Los industriales enclavados en las economías regionales sumaron alertas al cuadro de situación que generó el proyecto de reforma tributaria. Las papeleras argentinas advirtieron por una fuga de inversiones a países vecinos si se pone en marcha uno de los puntos acordados por el Gobierno nacional con los gobernadores para cumplir el pacto fiscal. El beneficio de la reducción de Ingresos Brutos para las empresas quedará en el recuerdo para las empresas del sector porque las administraciones provinciales podrán aumentar hasta el tope del 7% en el Convenio Multilateral y recién en 2022 llegaría al 3%.

"Es una medida regresiva porque para lograr los beneficios de la eliminación de IIBB a las exportaciones forestales se verán perjudicadas las producciones de celulosa y papel.
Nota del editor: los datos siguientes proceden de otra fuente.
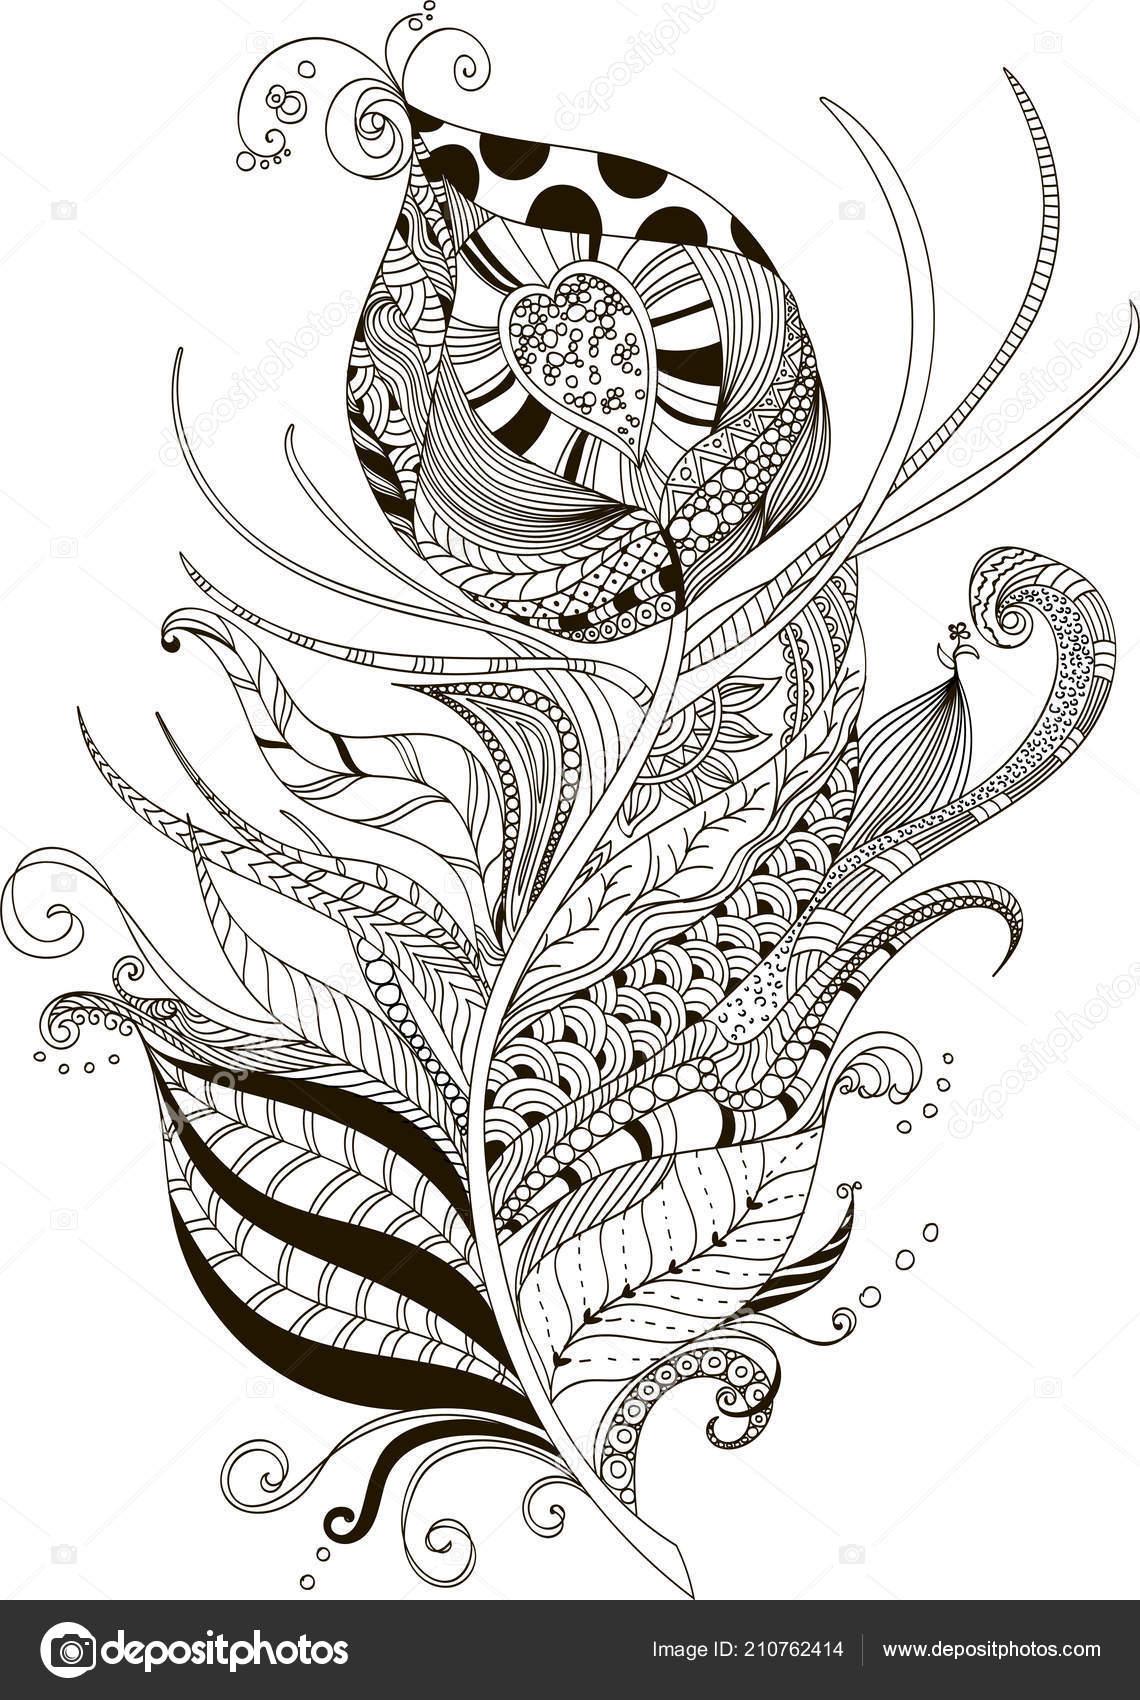 Dibujo Estilo Zentangle Pluma Pavo Real Para Colorear Libro Tatuaje

Esto hace inviable un negocio en cualquiera de las provincias productoras y las inversiones se van a correr a Uruguay, en donde no tienen este peso impositivo", admitió uno de los dueños de una empresa grande del norte argentino.

Dueño de una empresa, confeso votante de Macri, se sorprendió por el “ataque” al interior

Ese empresario, quien le admitió a BAE Negocios ser "orgulloso" votante de Cambiemos, se mostró "desconcertado" por el paquete de medidas tributarias que "no sólo le pone límites al federalismo sino que impulsa la concentración cada vez mayor de la población en los conurbanos porque en el interior del país nadie va a querer poner una fábrica más".

"En la reunión de la Asociación se planteó el perjuicio que implica esta medida negociada por el Gobierno Nacional con Misiones, y se decidió enviar una carta a la Unión Industrial Argentina (UIA) para que a través de esa institución se canalice el reclamo que corresponda a las autoridades del gobierno nacional", le dijo al portal misionesonline.net el presidente de AFCP y gerente de Asuntos Públicos y de la Dirección de Asuntos Institucionales y Legales de Ledesma, Claudio Terrés.

En la UIA ya apostaron todas sus fichas a su poder de lobby en el Congreso, luego de que los funcionarios del Gobierno que pasaron por la 23º Conferencia Industrial negaran cualquier tipo de posibilidad de que se modifique el proyecto enviado por la Casa Rosada.

Por caso, la Cámara de la Pequeña y Mediana Industria Metalúrgica Argentina destacó la apertura de debates sobre la reforma impositiva y laboral, pero su presidente José Luis Ammaturo destacó la importancia de "evaluar la posibilidad de avanzar con acuerdos sectoriales, que permitan mejorar la productividad".

"Las pymes metalúrgicas, y el empresariado pyme en general, venimos desde hace años advirtiendo sobre la pesada mochila impositiva que impide generar mayor empleo de calidad, ser competitivos con el mundo y tener previsibilidad para invertir", recordó Ammaturo y consideró que "por eso es tan importante que se abra el debate sobre este tema, se evalúen diferentes proyectos y se escuche la voz de todos los actores involucrados".

Al respecto, el presidente de CAMIMA indicó: "Si bien no conocemos en detalle el proyecto presentado por el Gobierno nacional, destacamos que se haya abierto el debate y pedimos responsabilidad por parte de los legisladores, para aprobar una reforma que efectivamente aliviane las cargas impositivas, para que los empresarios pymes podamos invertir y aumentar la productividad".

"La actividad productiva tiene horizonte, pero hay que dar previsibilidad y crear condiciones para incentivarla. A eso deben apuntar las reformas", concluyó Ammaturo.

  • Proponen un tributo a la energía eléctrica

El CEO de la textil TN & Platex e integrante de la UIA, Teddy Karagozián, sorprendió con la propuesta de crear un nuevo impuesto que grave el uso de la energía eléctrica para solventar los gastos del sistema previsional para reducir el déficit.

“Se cobraría 10 centavos por kilowats, una medida que está relacionada con el ingreso y el gasto de cada consumidor. Los aportantes seríamos todos porque la energía no distingue de trabajadores en blanco o en negro, y dejaríamos atrás la injusticia que sólo los empleados registrados sean los que sostienen el sistema”, señaló.

Karagozián dijo que además serviría como forma de “responder al reclamo por la falta de un impuesto a los robots en las fábricas”.